[TRTLLM-7964][infra] set nixl to default cache transceiver backend

bo-nv · bo-nv · commit 6cc619a82ef1 · 2025-09-25T20:19:34.000+08:00
Signed-off-by: Bo Deng &lt;deemod@nvidia.com&gt;
diff --git a/cpp/tensorrt_llm/batch_manager/cacheTransceiver.cpp b/cpp/tensorrt_llm/batch_manager/cacheTransceiver.cpp
@@ -89,7 +89,7 @@ std::unique_ptr<BaseCacheTransceiver> CacheTransceiverFactory::createCacheTransc
         }
         else
         {
-            backendType = executor::CacheTransceiverConfig::BackendType::UCX;
+            backendType = executor::CacheTransceiverConfig::BackendType::NIXL;
         }
     }
     cacheTransceiverConfig.value().setBackendType(backendType);
diff --git a/docker/common/install_nixl.sh b/docker/common/install_nixl.sh
@@ -40,5 +40,3 @@ cd builddir && ninja install
 cd ../..
 rm -rf nixl*  # Remove NIXL source tree to save space
 export LD_LIBRARY_PATH=$OLD_LD_LIBRARY_PATH
-
-echo "export LD_LIBRARY_PATH=/opt/nvidia/nvda_nixl/lib/${ARCH_NAME}:/opt/nvidia/nvda_nixl/lib64:\$LD_LIBRARY_PATH" >> "${ENV}"

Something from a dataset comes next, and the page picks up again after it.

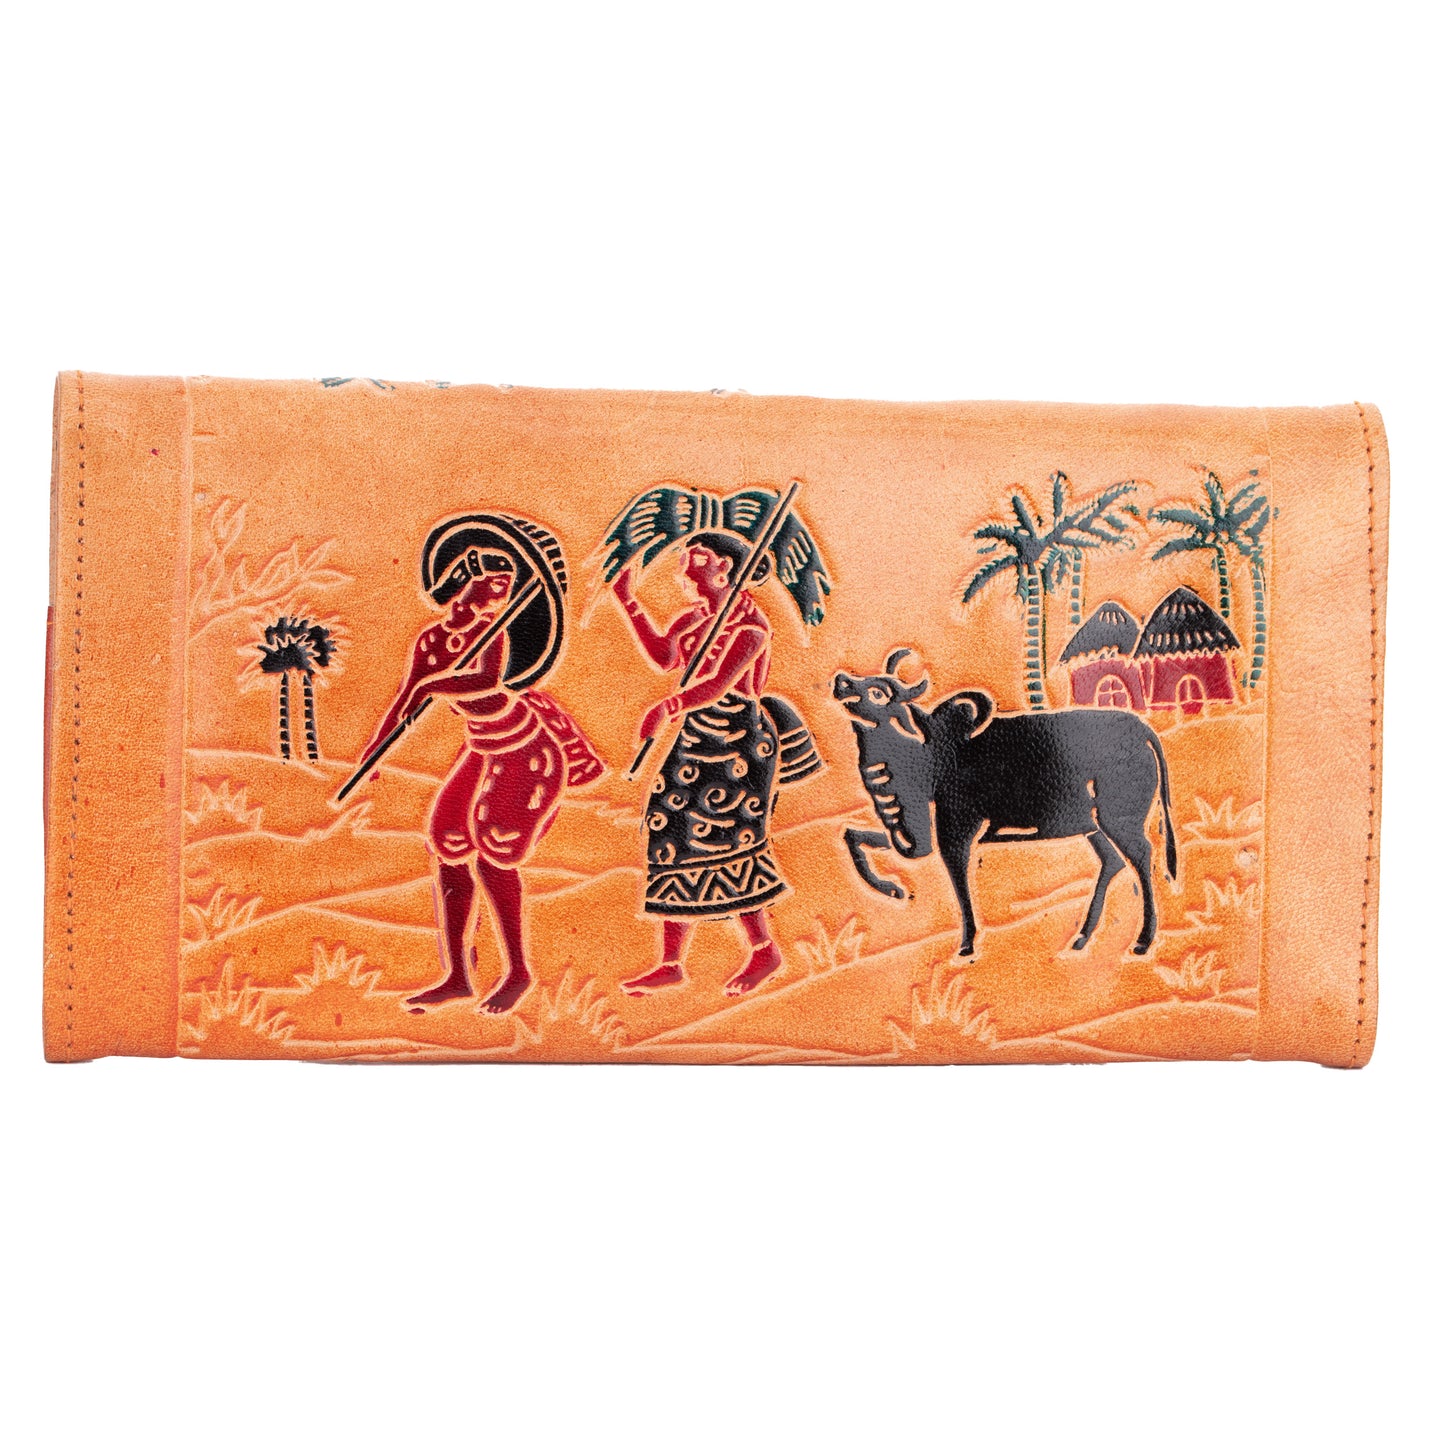 Shantiniketan Leather Large Clutch Handbag (10*5)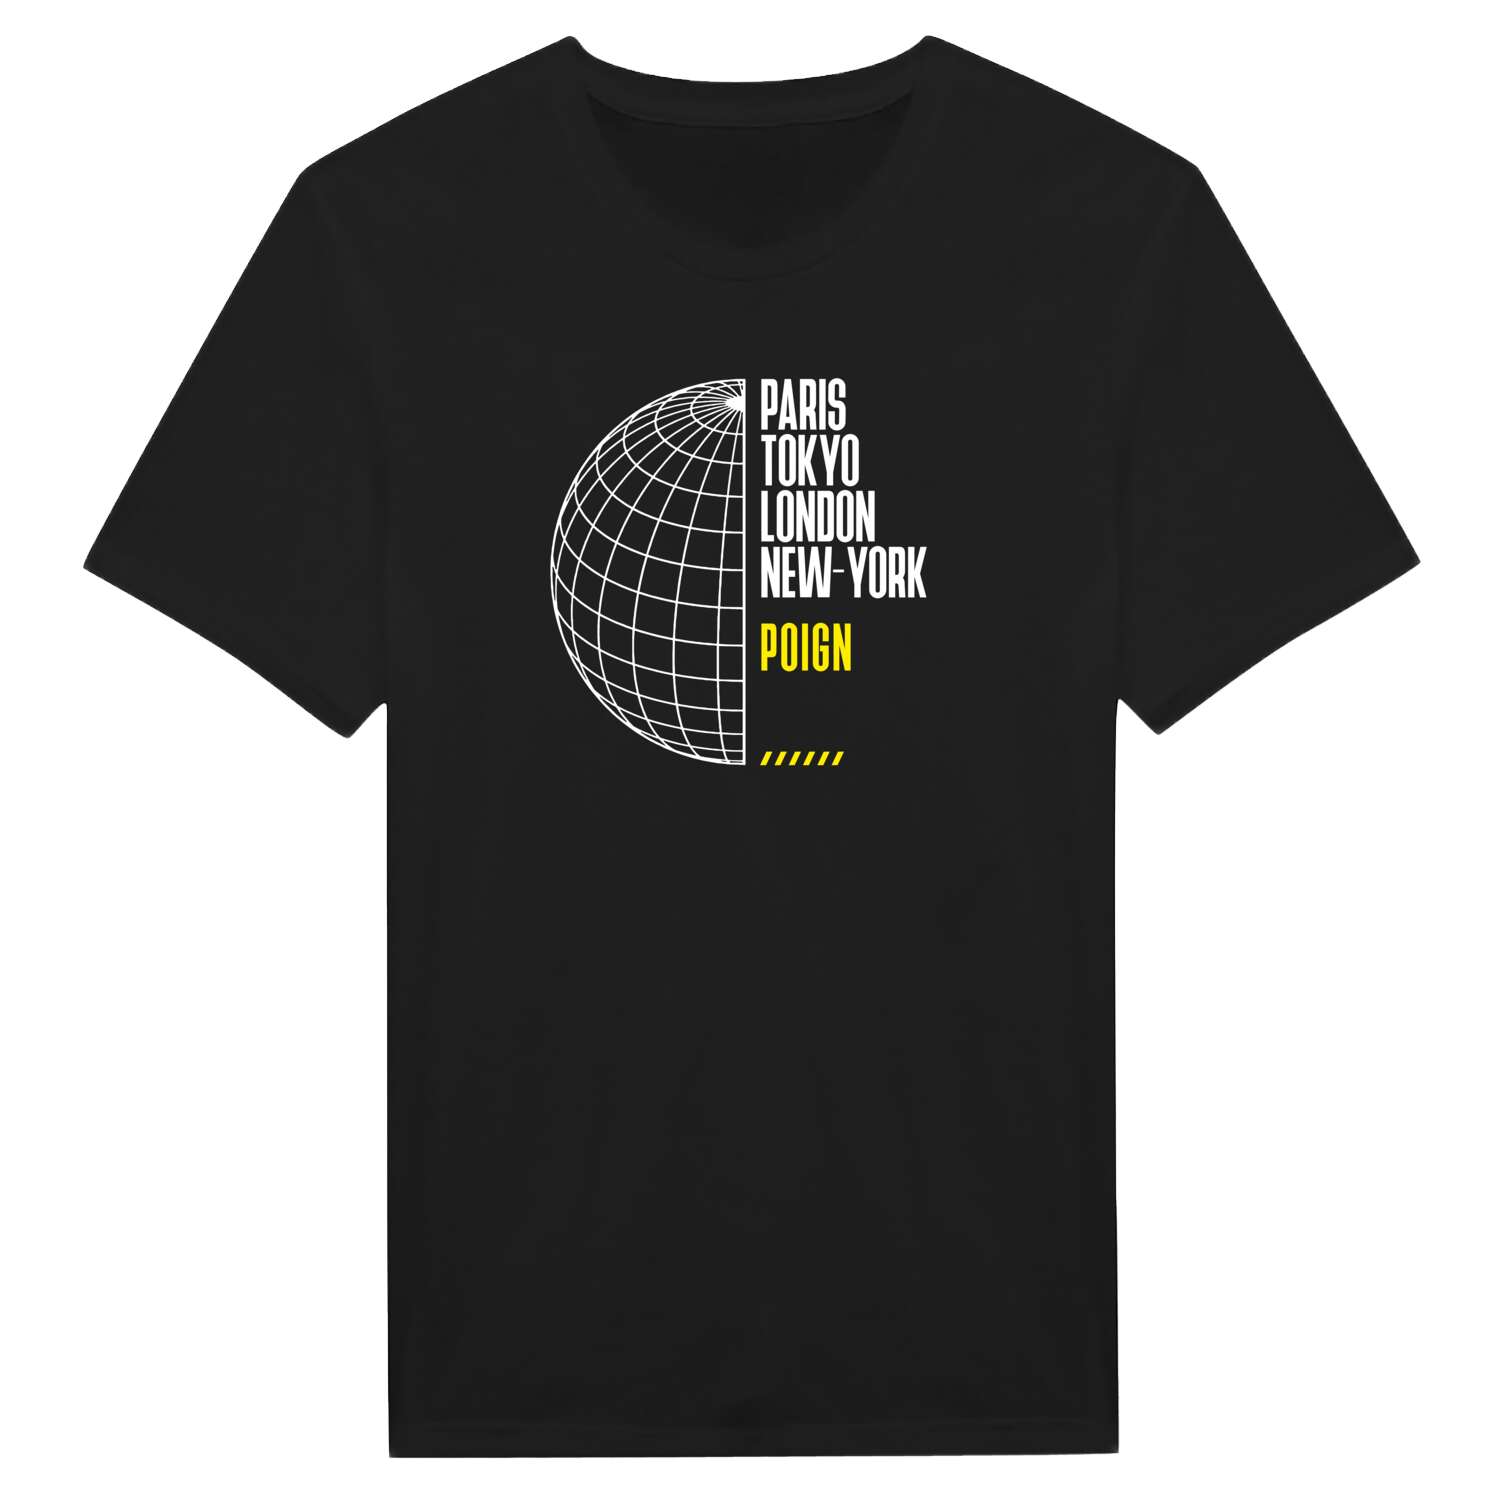 Poign T-Shirt »Paris Tokyo London«

diff --git a/docker/common/install_ucx.sh b/docker/common/install_ucx.sh
@@ -26,4 +26,3 @@ cd ucx
 make install -j$(nproc)
 cd ..
 rm -rf ucx  # Remove UCX source to save space
-echo "export LD_LIBRARY_PATH=${UCX_INSTALL_PATH}/lib:\$LD_LIBRARY_PATH" >> "${ENV}"
diff --git a/docs/source/features/auto_deploy/auto-deploy.md b/docs/source/features/auto_deploy/auto-deploy.md
@@ -28,7 +28,7 @@ AutoDeploy provides an alternative method for deploying models using the LLM API
 AutoDeploy is included with the TRT-LLM installation.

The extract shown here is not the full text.